Велика потребность русского человека обрести святыню или святого, который не подведет, не изменит, перед которым можно просто пасть на колени, поклониться ему. И легче жить станет, потому что если кругом зло и несправедливость, если неправда кругом, то все равно — вот он — есть на земле святой и праведный, у него правда, в нем; значит, не умирает она, а, стало быть, когда-нибудь воцарится и по всей земле. Непременно — чтоб по всей земле. Мало русскому человеку правды лишь для себя.

Именно это хотел сказать Деснин этому странному пессимисту, а затем пригласить его с собой к Никодиму, чтоб увеличилось число, чтобы больше правды стало на земле. Но как-то так получилось, что он вдруг стал рассказывать не о Никодиме, а о себе самом. Сказался синдром случайного попутчика, которому, особенно после пары стопок, случается рассказывают о себе больше, чем даже самым близким людям. Однако Деснин почему-то повел рассказ не от первого лица, будто не о себе, а о другом, о неком кореше, имя которому он все же оставил свое — Николай.

Глава V. СКЛОНЕН К АГРЕССИИ

Отца Николай не знал совсем, а мать умерла, когда не было ему еще и пяти лет. Впрочем, тогда ребенку об этом не сказали. Малочисленные родственники сироту не пригрели (были на то свои причины), так и оказался маленький Коля в детдоме. До сих пор помнил Николай, как спустя полгода его пребывания в этом учреждении появилась новая воспитательница, которая первым делом раздела ребятишек догола для осмотра и обнаружила у него на груди серебряный крестик. Была она, очевидно, убежденной атеисткой, так как тут же сорвала «предмет культа» с шеи ребенка и выбросила в ведро, заявив, что никакого Бога нет. Мальчик, в общем-то, и не понял ничего про Бога. Крестик этот ассоциировался у него исключительно с образом матери — надела она его сыну (хоть и не был тот крещеный) незадолго до смерти. И это было единственное, что осталось от нее, символом светлых воспоминаний о нормальном детстве. Мальчик ревел и просил воспитательницу вернуть подарок, иначе он пожалуется маме, но та заявила, что нет у него никакой мамы и что «сдохла она как собака». Вся эта история была первым ударом, покорежившим юную совсем душу.

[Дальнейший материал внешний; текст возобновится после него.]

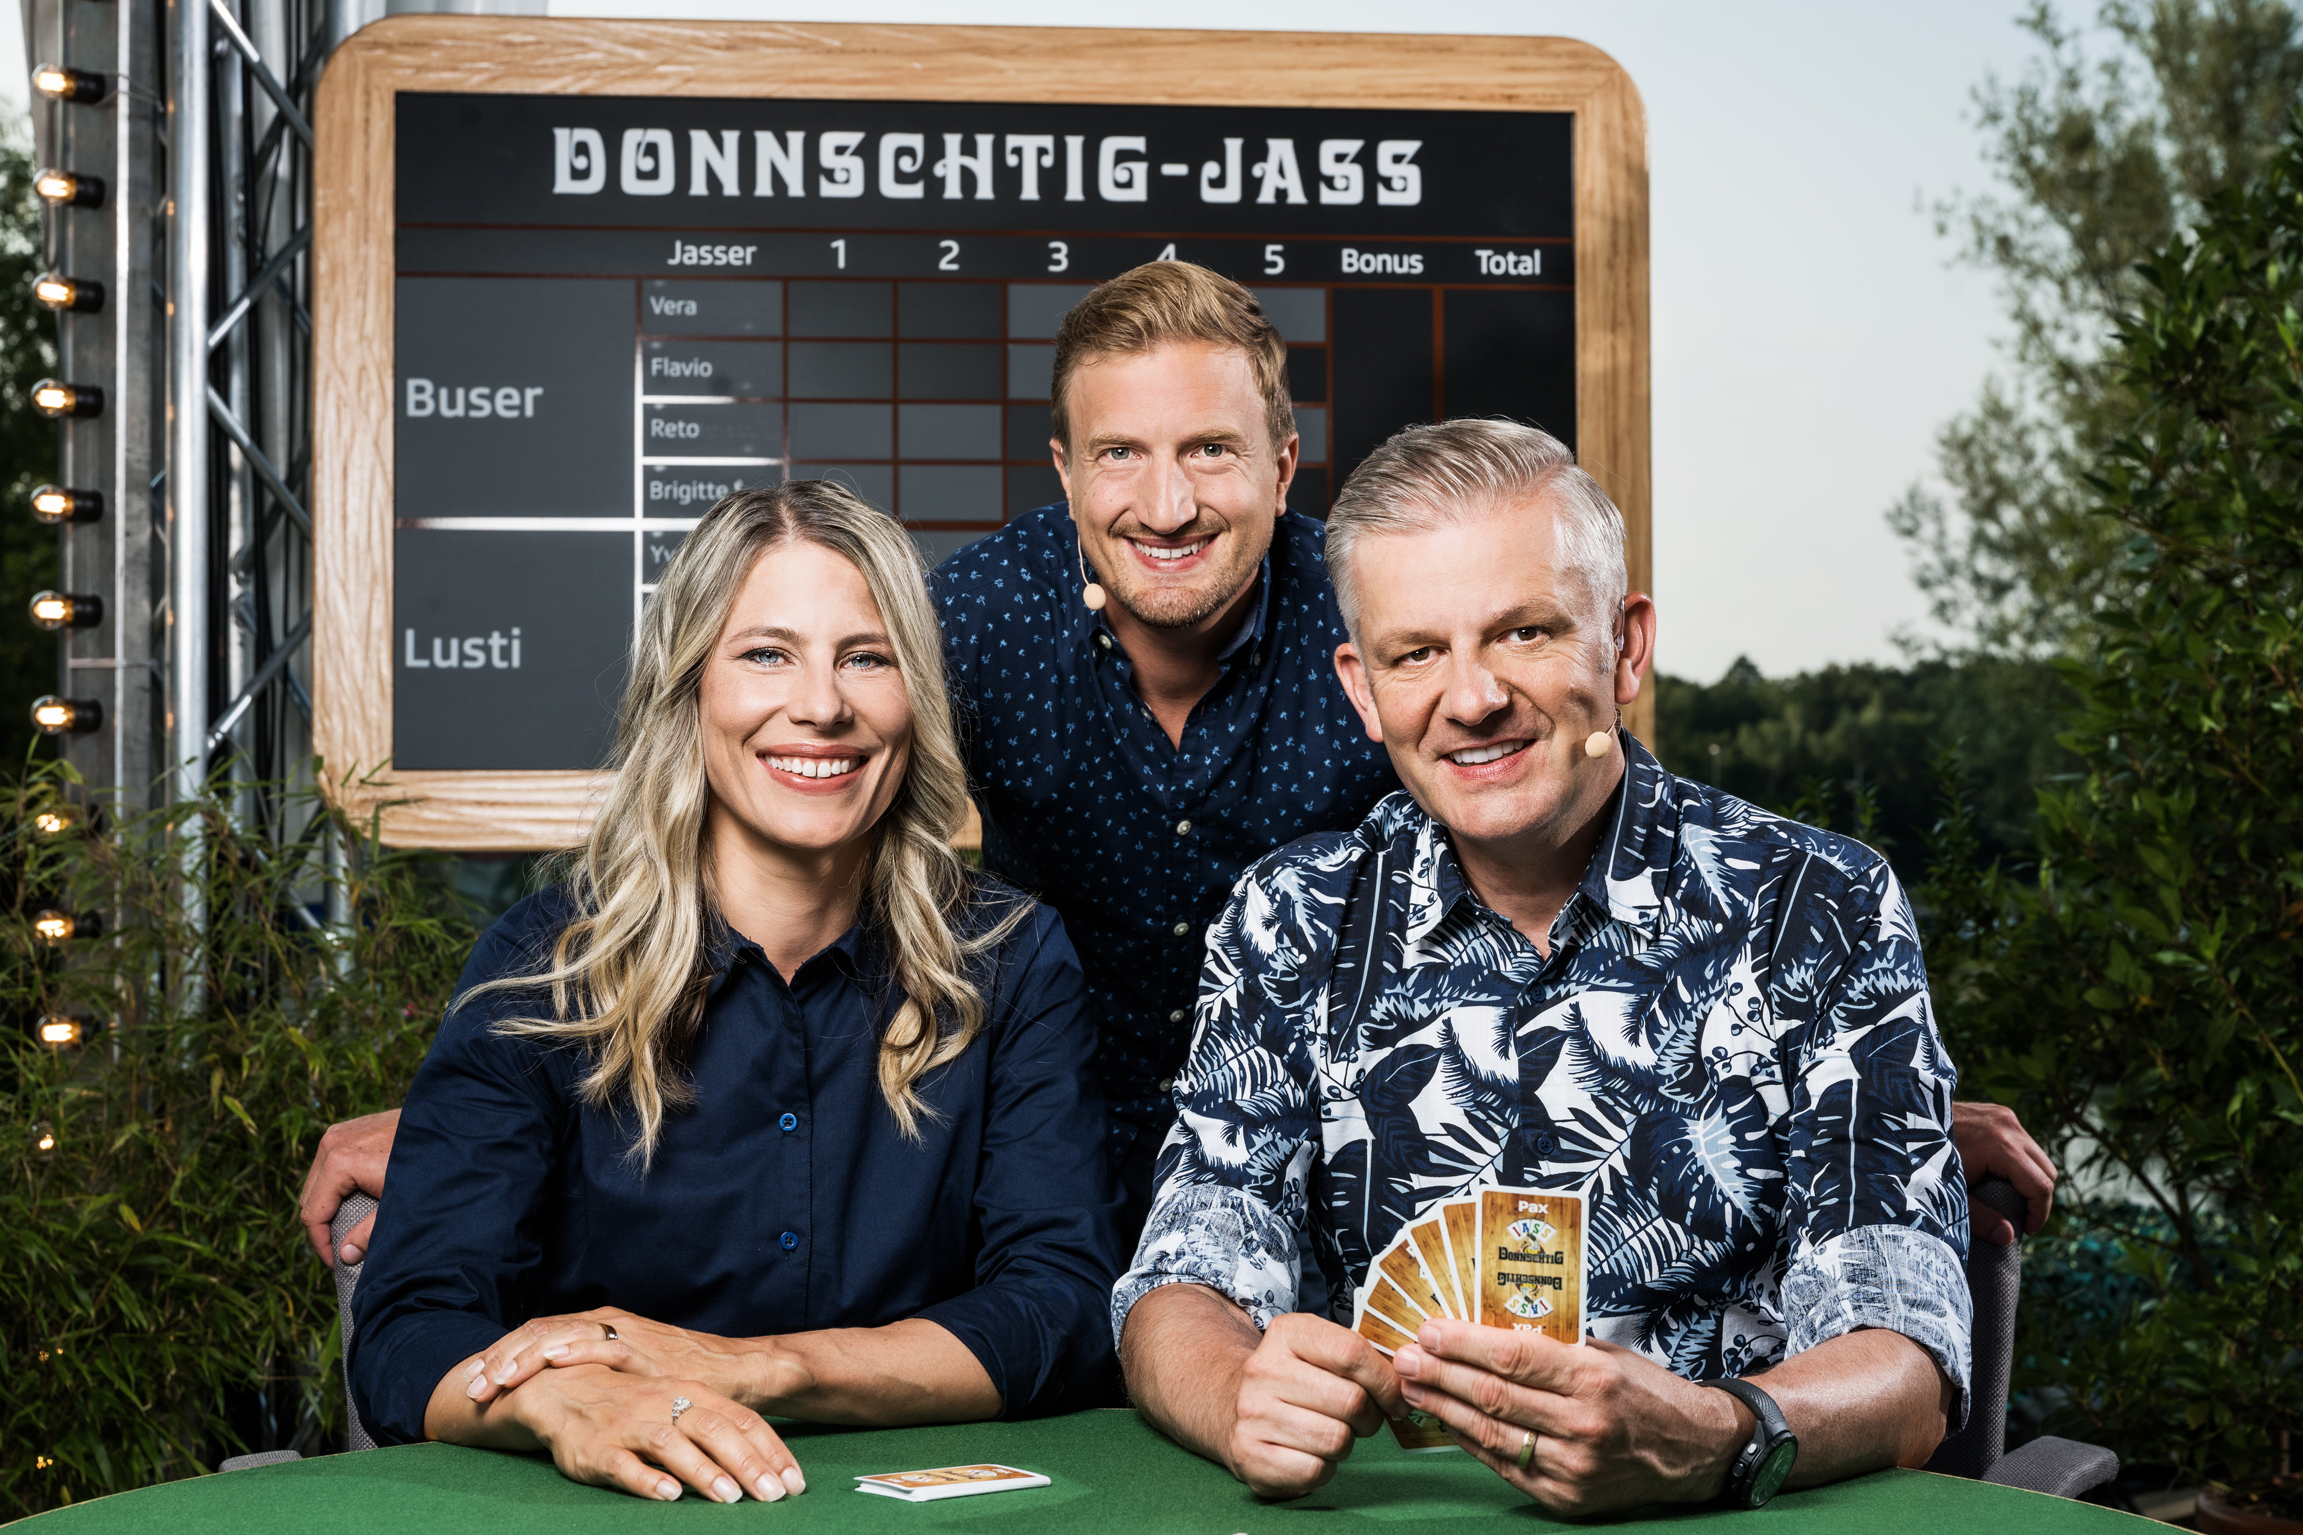 Donnschtig-Jass Das Moderationsteam: Sonia Kälin, Stefan Büsser und Rainer Maria Salzgeber 2021

Многое закладывается в детстве. Озлобленность, зависть, презрение окружающих, отсутствие любви — все западает глубоко в душу, вызывает желание отомстить всем и вся. Так и рос Коля худо-бедно сиротою, молчаливый и неулыбчивый. Рос, стоит заметить, пацаном хулиганистым, был драчлив и вспыльчив, отчего все наперебой пророчили ему, что из детдома попадет он прямиком в другой казенный дом. Однако ж хулиганил Коля не как все, а как-то по-особому, словно скрывал за своими выходками что-то. Наказания принимал с достоинством и даже с некоторым вызовом, чем неоднократно пугал воспитательниц, которые под конец и вовсе отказались от рукоприкладства, говоря, что бить такого грешно. И действительно, только понял это Николай гораздо позже, всеми своими хулиганскими выходками пытался он заполнить ту душевную пустоту, что была внутри, привлечь к себе внимание, сделаться нужным, хотя бы лишь и для наказания.

Время шло, Николай рос, а вместе с ним росла и душевная пустота внутри. И чтобы заполнить ее, приходилось идти на все более отчаянные поступки. Так, едва выйдя из детдома, Николай чуть не угодил, как и пророчили ему, за решетку. Благо государство проявило снисхождение к сироте и отправило его не в тюрьму, а в армию, где признали, что парень, в общем-то, толковый, усердный, реакция отличная, физика на уровне. Короче, хороший солдат. Криминальный проступок его списали на трудное детство и постарались забыть. Так оказался Николай… Впрочем, где служил и чем занимался в армии, на эту тему он никогда не распространялся. Обмолвился лишь раз, что в спецназ не попал — тесты завалил, дескать, склонен к чрезмерной агрессии. В общем, не вышло из него сверхсрочника — дембельнули. Может быть зря — на гражданке он так и не освоился. В первые же полгода пребывания на воле получил Николай условку. «За правду» — как считал он сам: пытался защитить соседа, деда Федора, инвалида войны, от издевательств со стороны какого-то молокососа. Да перестарался — молокосос оказался в больнице с тяжкими телесными.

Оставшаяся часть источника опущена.